There is a balance between the production and detoxification of reactive oxygen species (ROS) under physiological conditions [1, 2]. Any internal or external pathological factor, carcinogens included, may disrupt this balance, leading to conditions reffered to as oxidative stress; indeed, oxidative stress plays a significant role in the pathogenesis of cancer [3]. Oxidative stress participates in all the steps of carcinogenesis; at the first step, an initiation, free radical damage different molecules - DNA, lipids, and protein, leading directly or indirectly to mutations and, consequently, to cancer initiation [4].

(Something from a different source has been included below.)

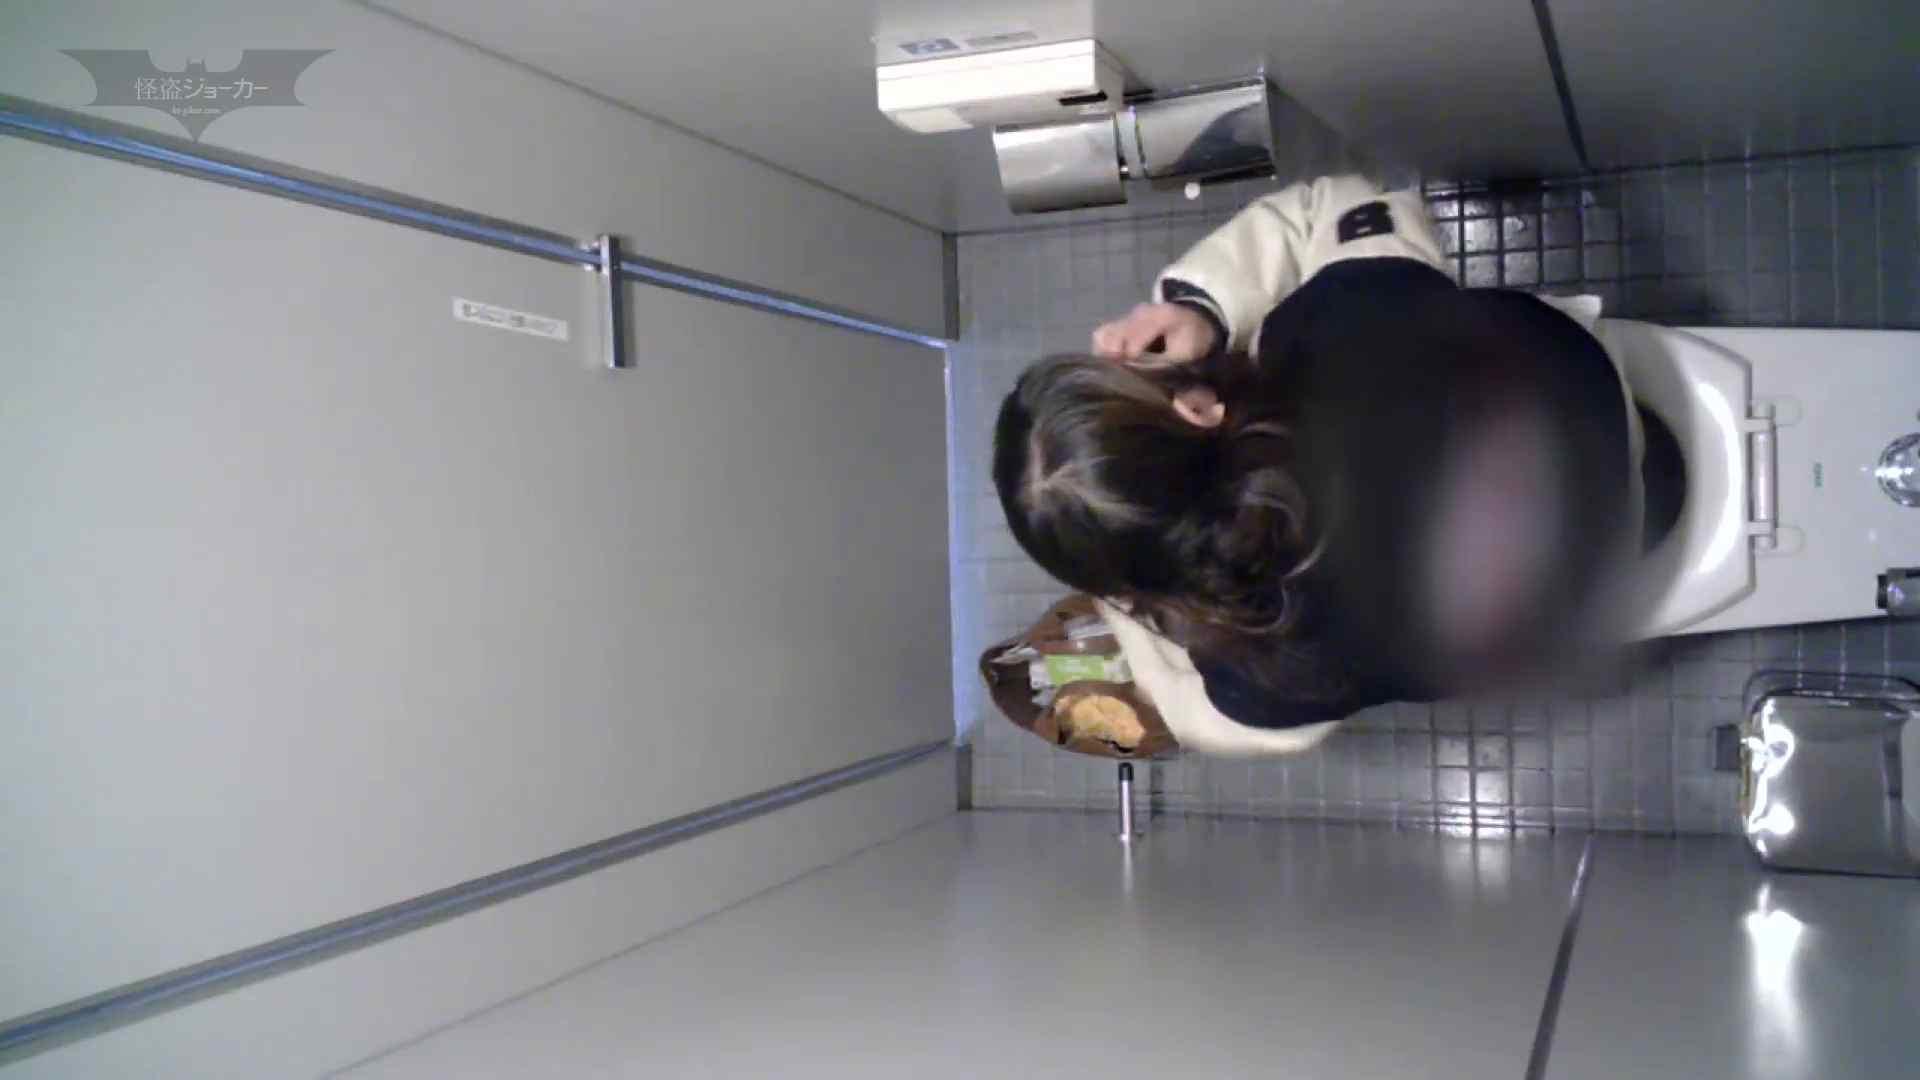 有名大学女性洗面所 vol.58 アンダーヘアーも冬支度? 潜入 性交動画流出 69画像 16
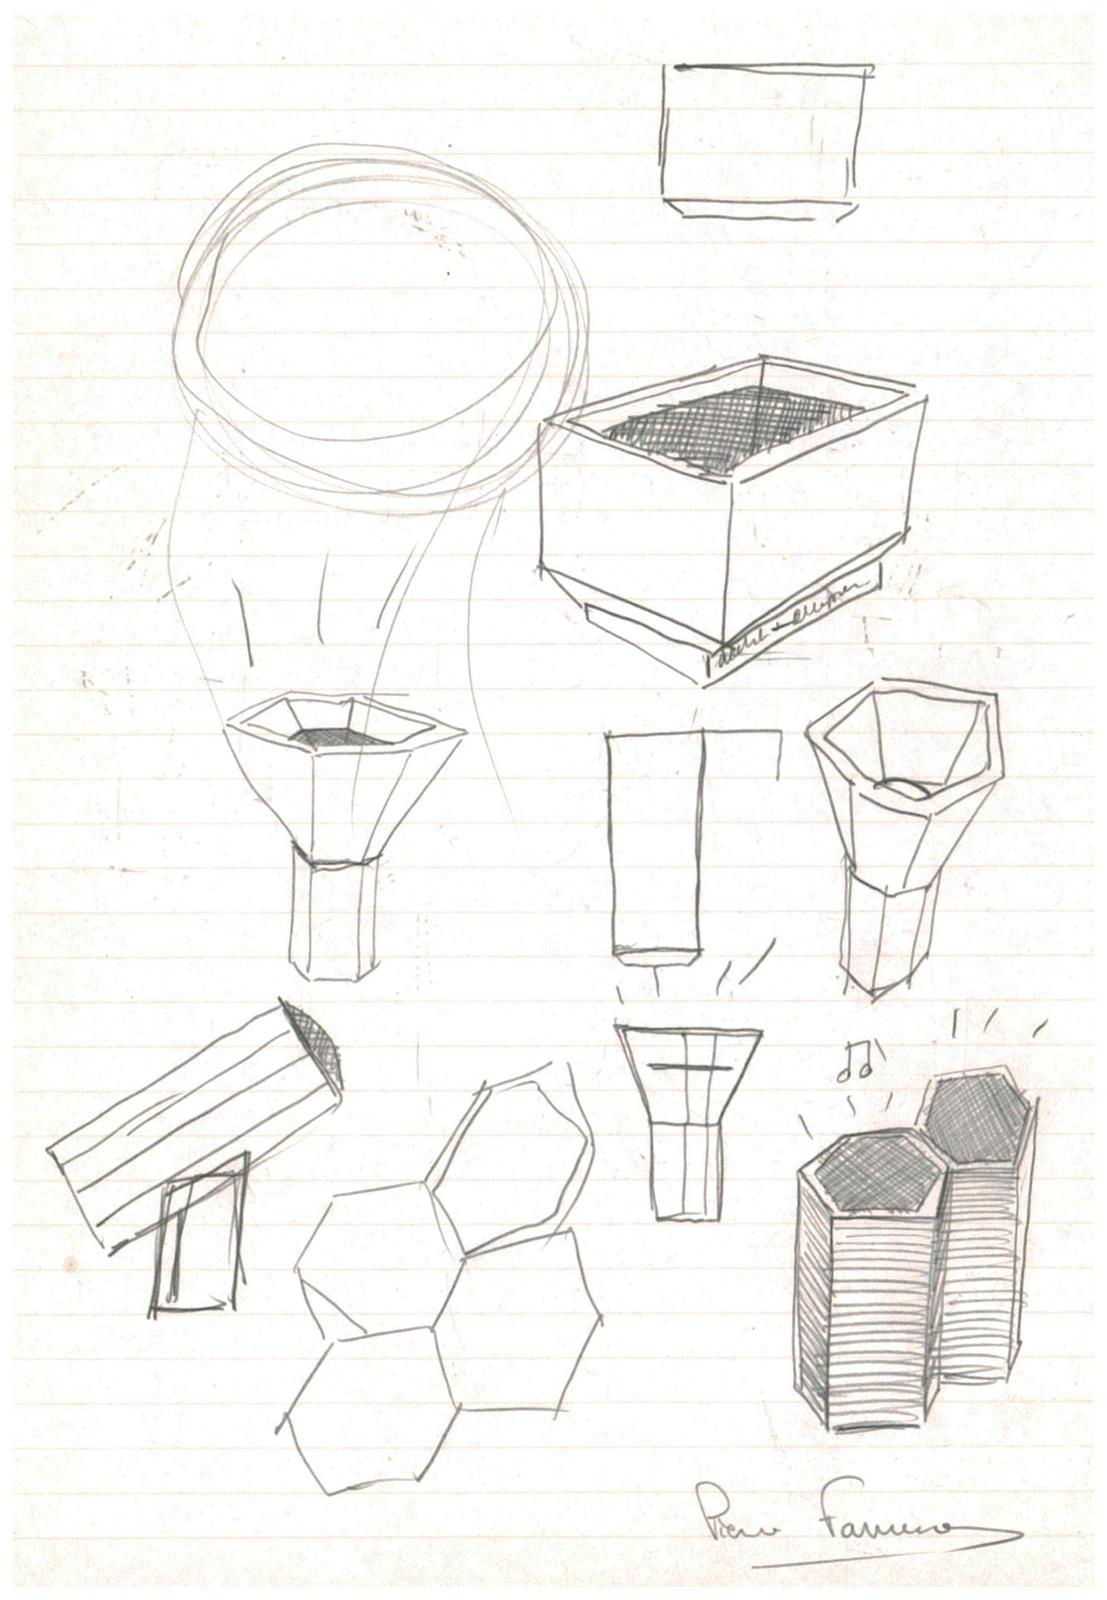 Pierre Favresse - Drawing - Work - Designer - Design - Preparatory sketch n°8

The products of oxidative damage to DNA, lipid, and protein constitute markers of oxidative damage [5] but, at the same time, they may contribute per se to DNA damage and, in consequence, to cancer development [6-9]. For instance, 8-oxo-2'-deoxyguanosine (8oxodGuo), a product of DNA damage, is highly mutagenic [6, 7]. Numerous byproducts of lipid peroxidation damage DNA via different mechanisms [7, 8]. The oxidative damage to proteins may result in changes of enzyme activities and of some properties of membranes, like permeability, fluidity, signaling pathway, etc. [9].
Both endogenous and exogenous antioxidants can prevent the formation of early metabolites of the damage to macromolecules and, in this way, protect against cancer.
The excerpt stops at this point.